Francis Marion Taitt (January 3, 1862 – July 17, 1943) was the ninth bishop of the Episcopal Diocese of Pennsylvania in The Episcopal Church and served from 1931 to 1943.

Career
Taitt was born in Burlington, New Jersey, and moved with his family to Philadelphia at age 8.  He graduated from Philadelphia Divinity School in 1883. He served for four years as curate of Old St.
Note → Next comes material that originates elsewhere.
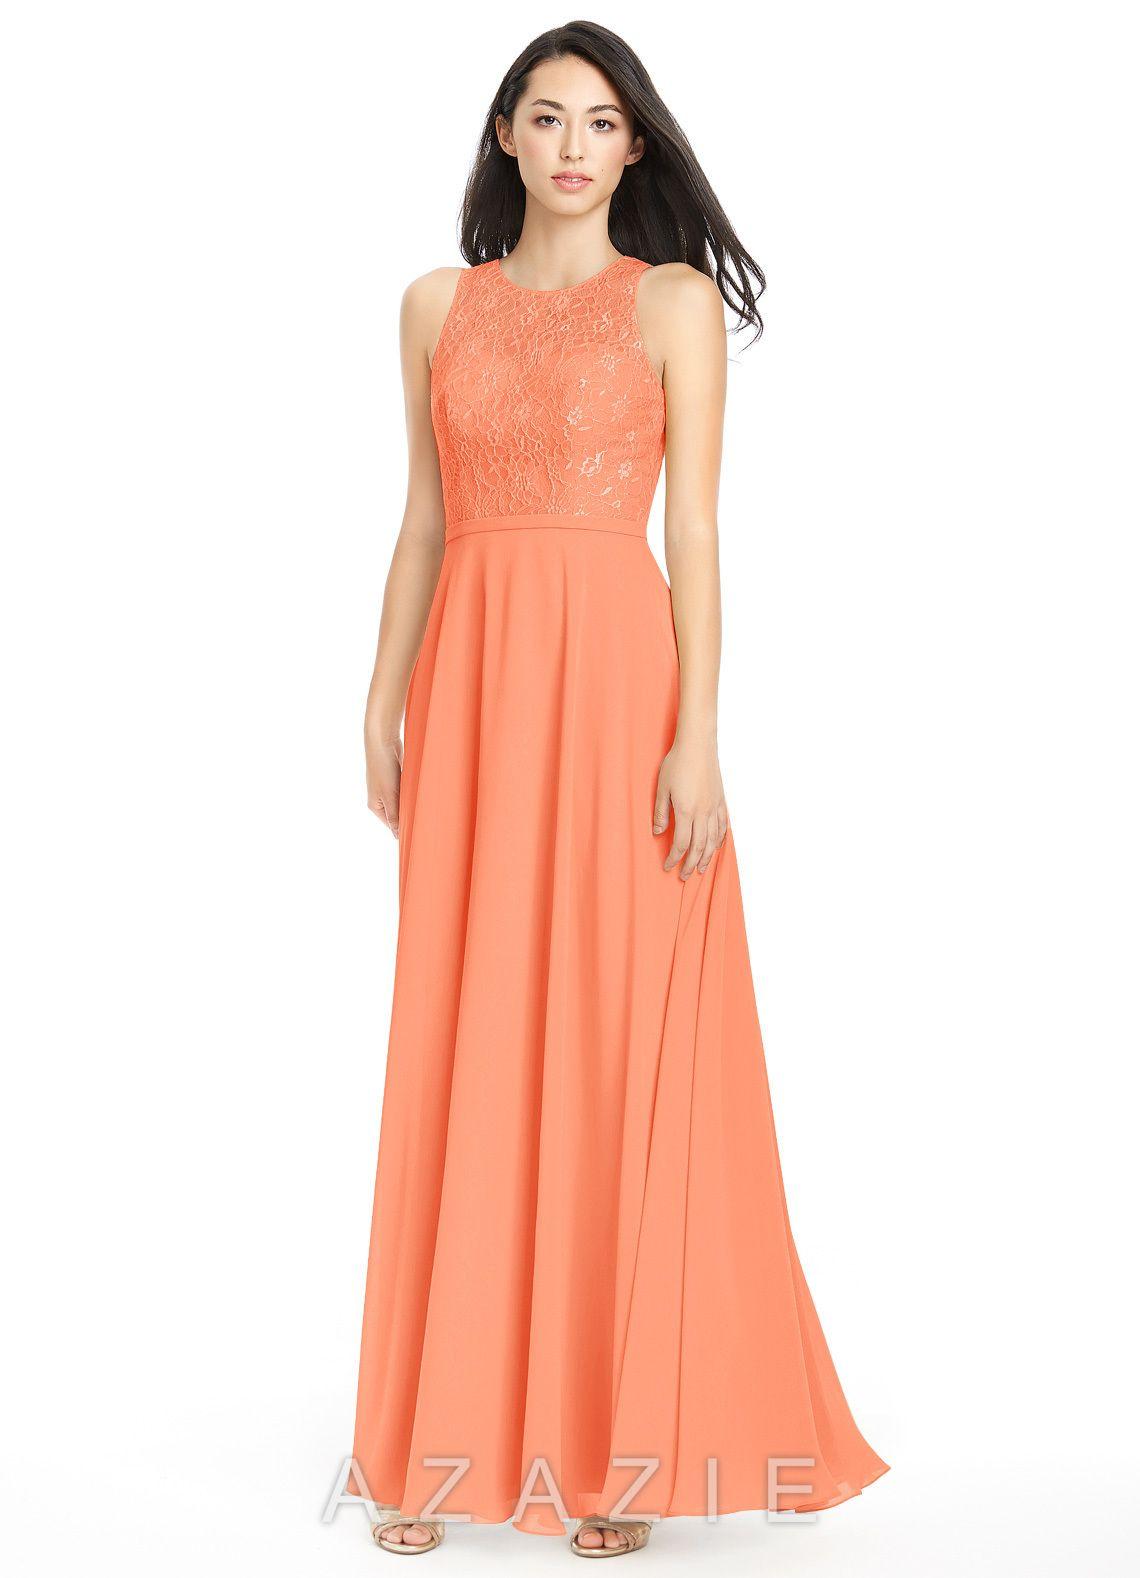 ef23b62200ec5 Frederica | A&R Wedding | Bridesmaid dresses, Peach bridesmaid ...
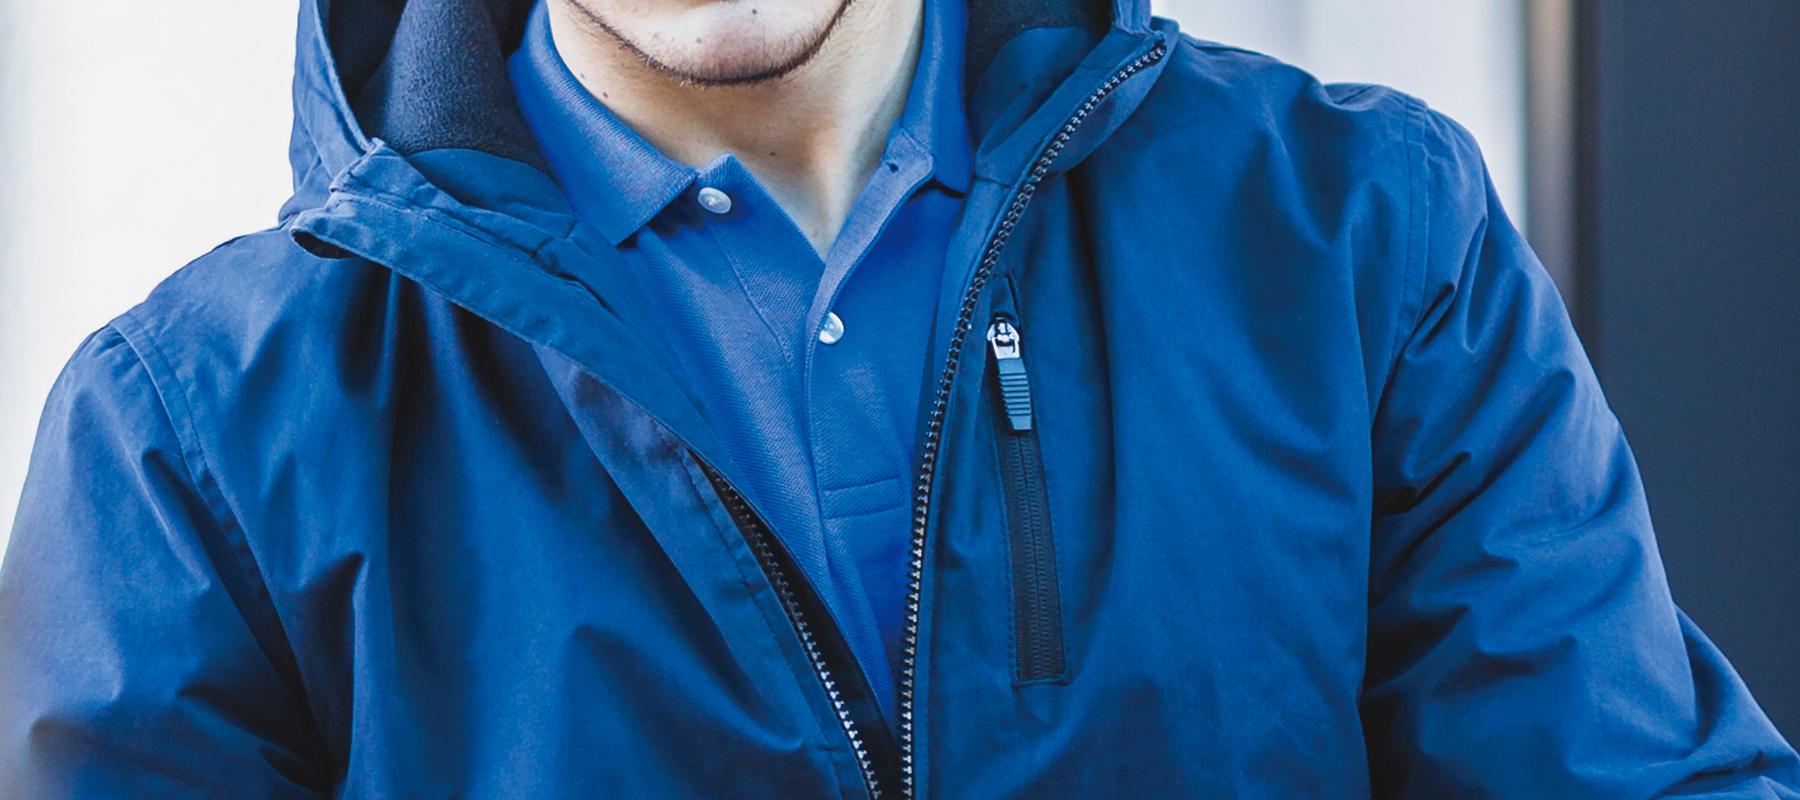 作業服・事務服などの業務用オーダーポロシャツを完全オリジナル製作

Peter's Church in central Philadelphia, five and a half years as rector of Old Trinity Church in Philadelphia's Southwark neighborhood, and 37 years as rector of Old St. Paul's Church in Chester, Pennsylvania.  On October 4, 1929, he was elected Bishop Coadjustor, and became head of the diocese in 1931 following the death of Bishop Thomas J. Garland.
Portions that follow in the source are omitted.